Only calls to "PAUSE" should be specially
framed/framable, but then, this preclude growing the frame down afterwards,
unless we copy the frame to the end of heap before,
which can be all the more interesting for continuations etc.
[Remember that I'd like all non-interrupt-driven tasks to share the same
stack/heap/whatever space].

   As a side note, we still haven't decided how "return addresses"
would be encoded. Will we require block-aligned pointers, and have
"base+offset" encoding ? Will we allow "infix" code, and go through
the hassle of identifying the beginning of a block each time ?
The first may be the simplest to implement, and though it is inefficient
at run-time, we don't care for the initial implementation. Let's do it
and wrap it with enough macros so that the user doesn't see it.

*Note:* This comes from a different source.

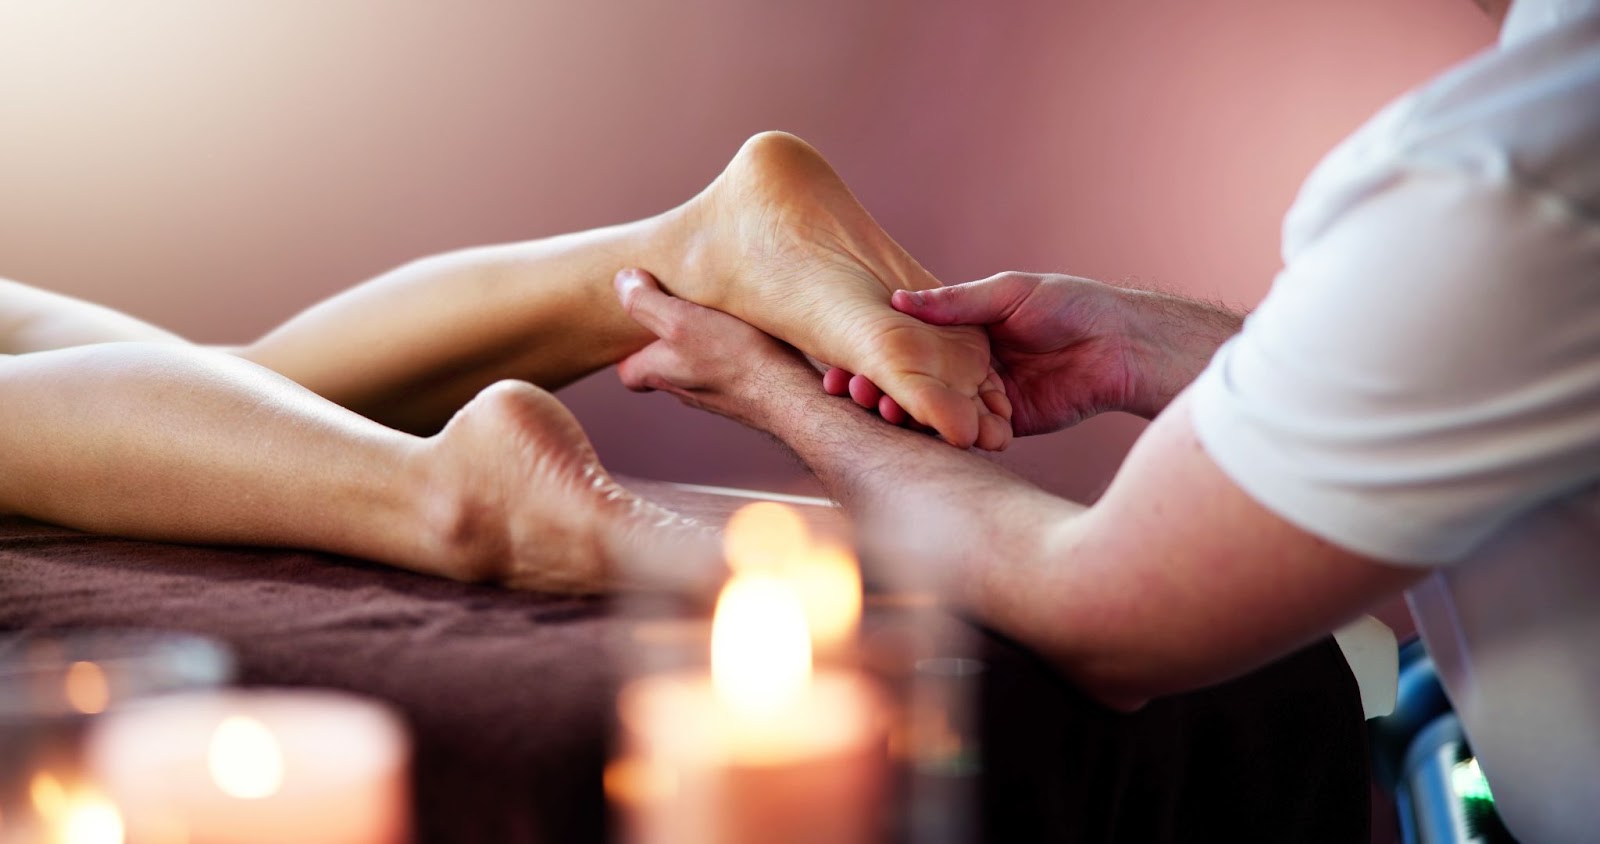 A person receiving foot reflexology treatment in a relaxing room lit with candles.

   For a longer-term implementation, I propose the latter trick
(allow infix pointers), with some page-based hashing:
Objects on a same "page" will be required to be of same "GC-type",
so by doing simple stuff with the high-bits of a pointer
we can determine the action to take to see the beginning of a block
by checking a page directory.
The exact implementation should priviledge usual cases,
testing them first, and add levels of indirection for unusual cases.
   Objects of large size (several pages) would have their own entry.
Small objects would be grouped on pages where all objects have the same size.
Page boundaries would be respected as much as can be to avoid multi-page
entries. Objects of uncommon sizes would be found by following the
linked or binary list of objects on the page (linked might be better
if there are very few objects).
   Most source and/or destination regions could require exact pointers,
however, which would simplify things. Code for infix pointers would be
called only when we're not sure. This would greatly speed up GC.




> You see, I'd like
> to remain as close to Forth in design as is possible, but with the
> needed extentions. (As well as dumping some minor stupidity in the Forth 
> I/O words.) But I do want it be close enough that most ANS Forth would 
> run, provided it obeys the rules of ANS Forth.
Well, we should surely have ANS compatibility packages eventually,
but direct compatibility is not an issue.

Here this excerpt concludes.